The machine learning technique discovered equations that performed comparably to the original equations used in the model while simultaneously uncovering new information about the underlying data sets and the iron cycle in general. This result is a step toward validating the use of equation discovery for other similarly complex processes in the real world, according to the authors. The findings are published in the journal Geophysical Research Letters.

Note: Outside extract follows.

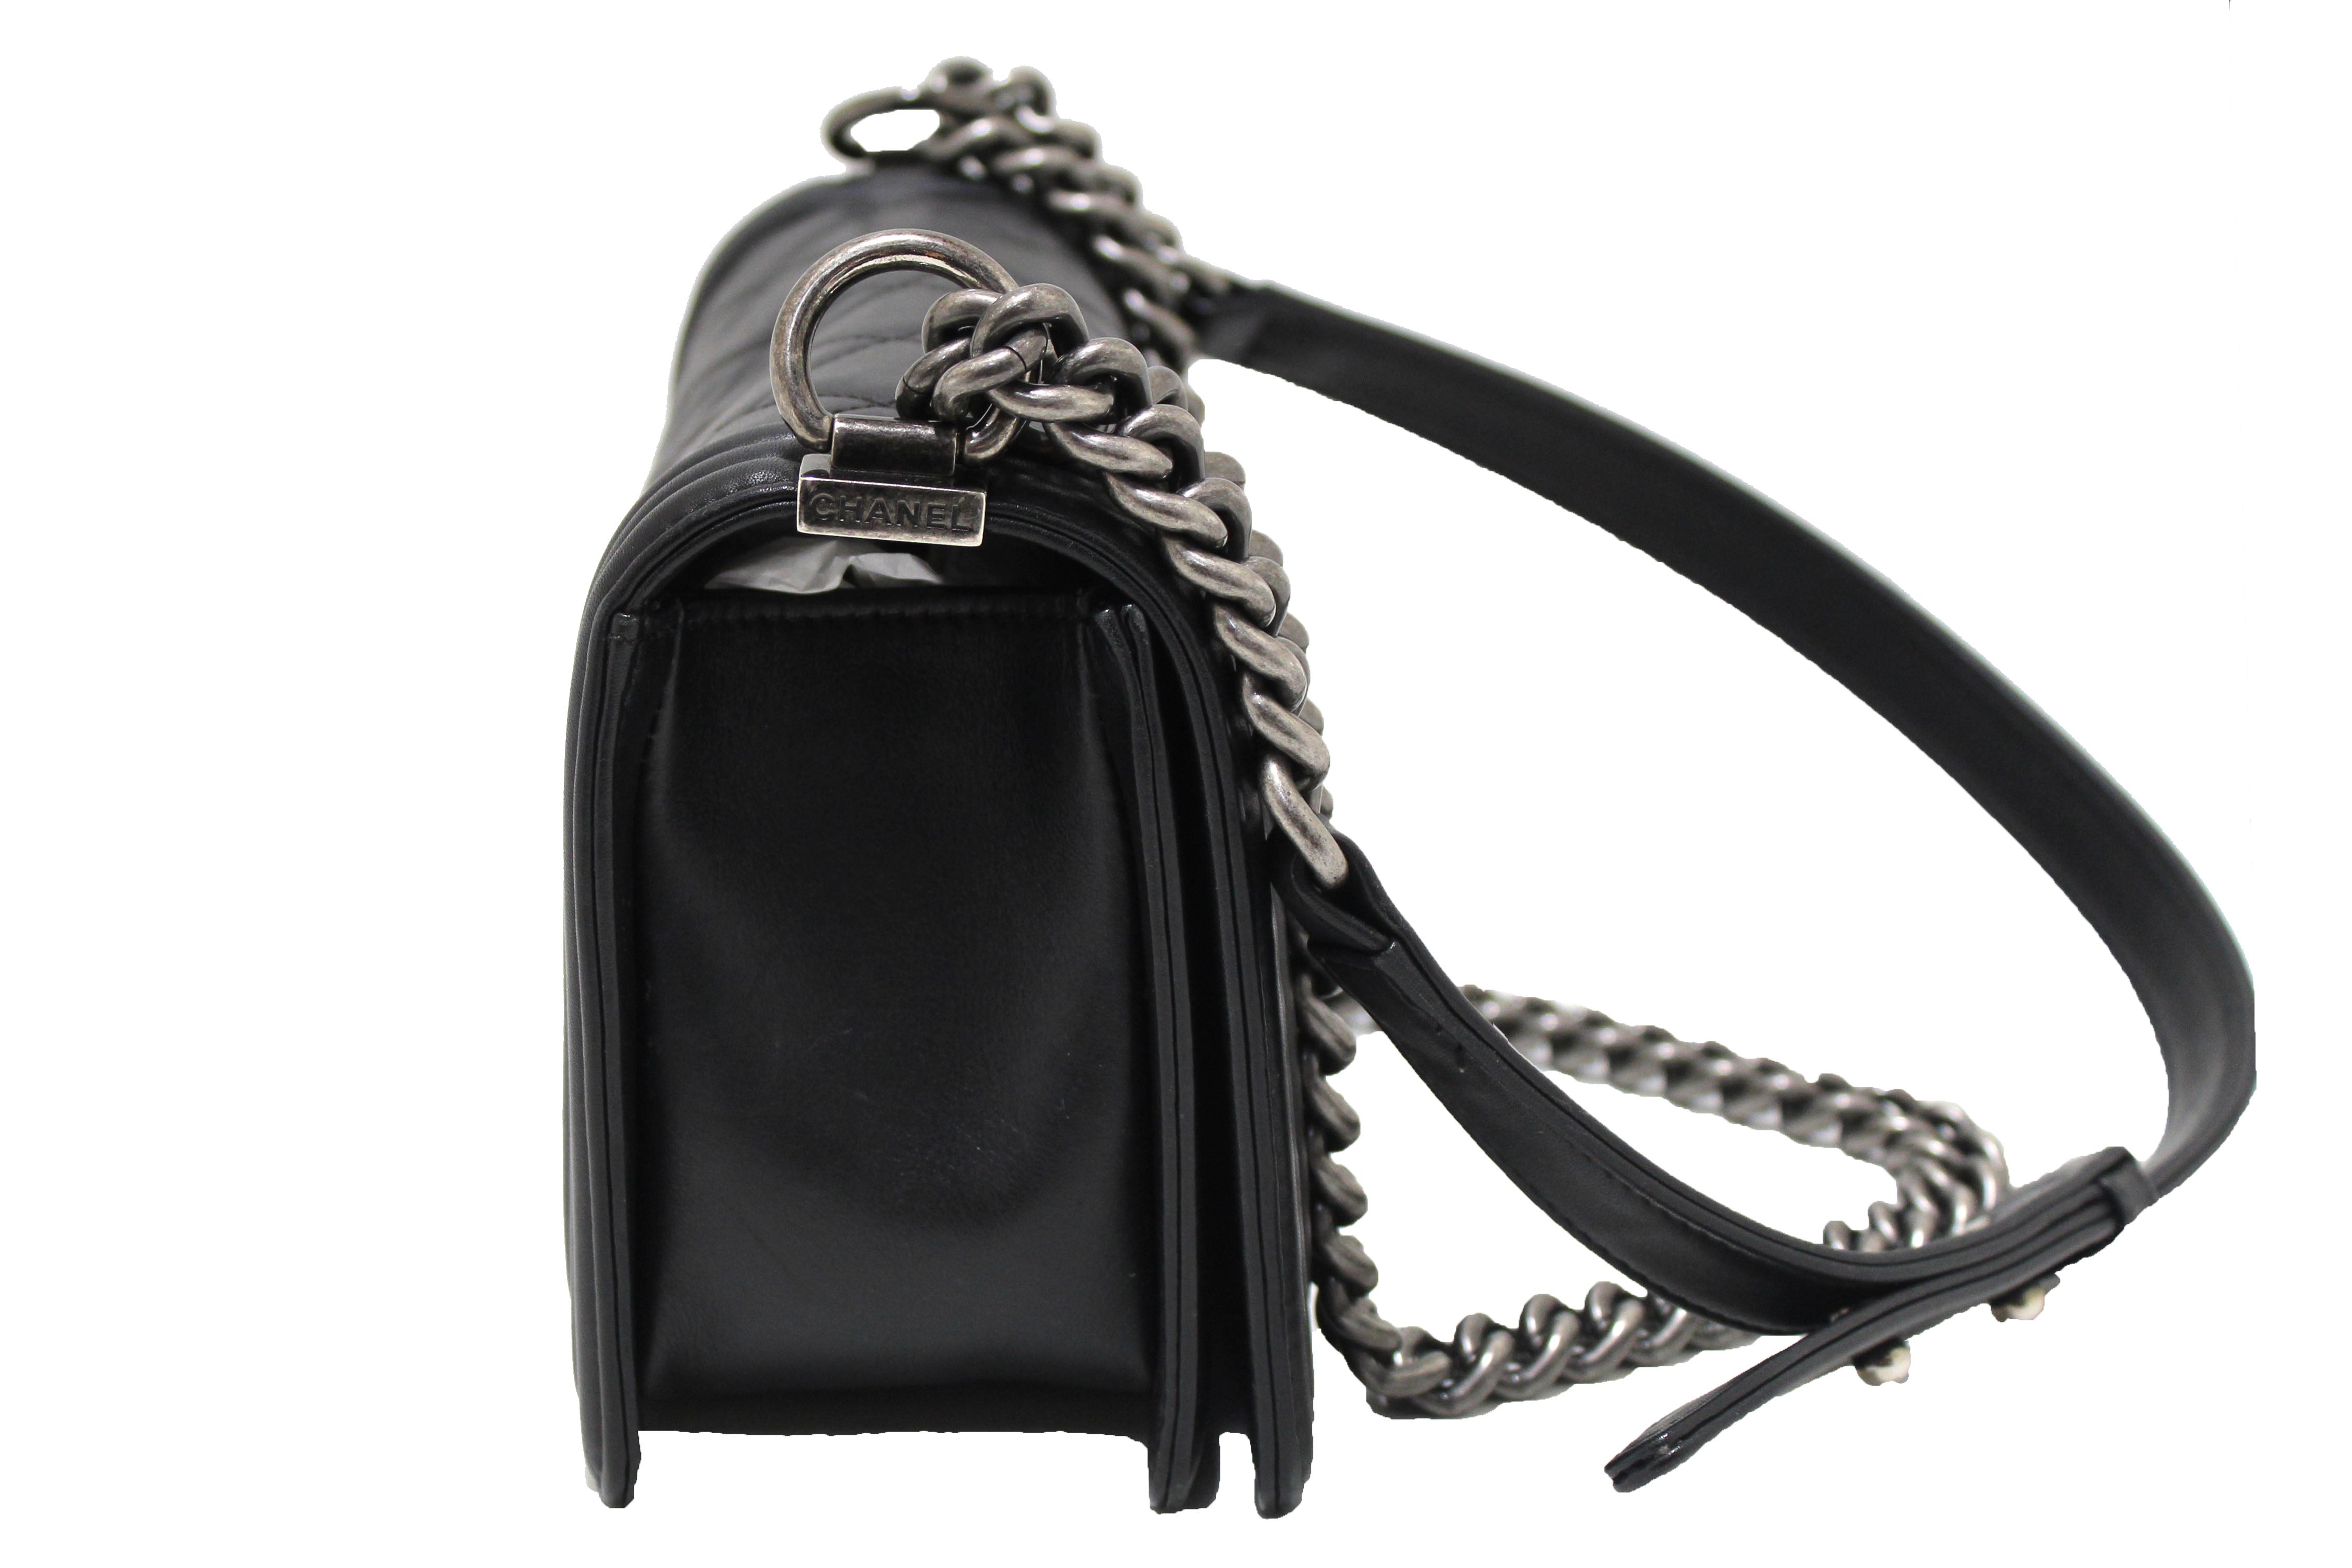 Authentic Chanel Black Quilted Calfskin Old Medium Boy Shoulder Bag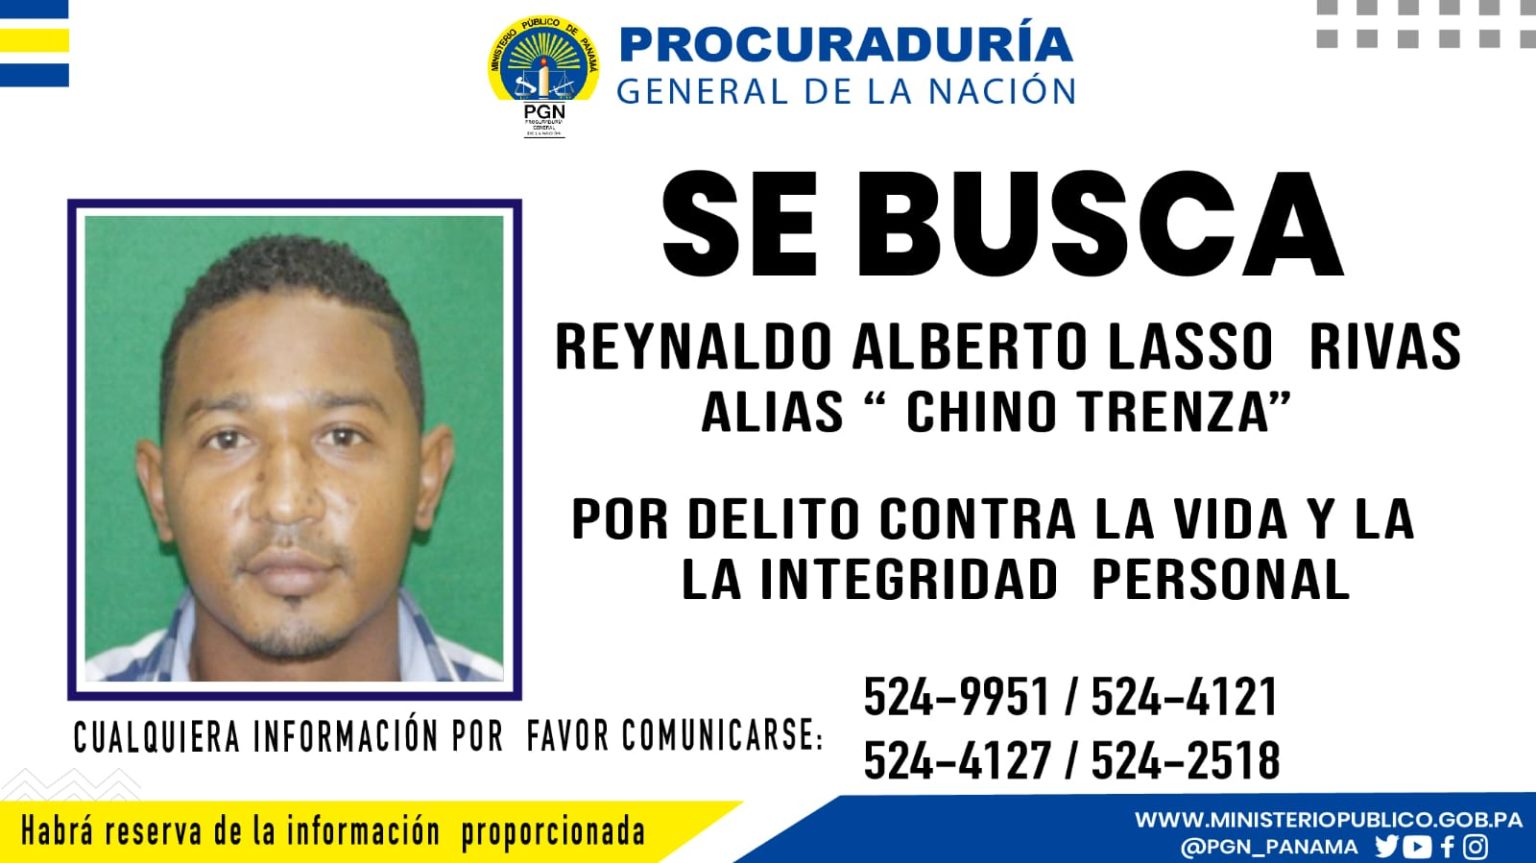 Featured image for “MP solicita apoyo para ubicar a «Chino Trenza», presunto implicado en homicidio de menor de 10 años en Rana de Oro”

The authors used a kind of equation discovery called symbolic regression, which asks a machine learning model to begin with mathematical operators and from there discover optimal equations for a particular data set. With this approach, the authors derived a suite of six equations that described how colloidal iron, which consists of microscopic suspended iron particles, behaves in the oceans. The equations discovered via symbolic regression differed from the known equations but are functionally simpler and produce large-scale patterns equally well, the authors say.
The equations also contain new insights into iron cycling. For example, they do not include salinity, likely because that variable does not change much throughout the ocean. The equations additionally show that full-water column sampling approaches produce better results than those taken from specific depths, helping to guide future sampling work. Finally, the authors also found that the equations discovered from sparse data sets can be robust if colloidal iron data are measured where existing dissolved iron samples have been taken.
This gap highlights a need for future sampling to capture colloidal iron data throughout the water column and to focus on expanding coverage of undersampled ocean basins, they argue. Scientists with unpublished iron speciation data from GEOTRACES cruises can help this effort by sharing their data, they add.
Publication details
Chengwang Wang et al, Toward Using Equation Discovery to Generate Parameterizations of Biogeochemical Processes, Geophysical Research Letters (2026). DOI: 10.1029/2025gl121380
Journal information:
[Geophysical Research Letters](https://phys.org/journals/geophysical-research-letters/)
[
](http://www.agu.org/journals/gl/index.shtml)
Provided by Eos
This story is republished courtesy of Eos, hosted by the American Geophysical Union. Read the original story here.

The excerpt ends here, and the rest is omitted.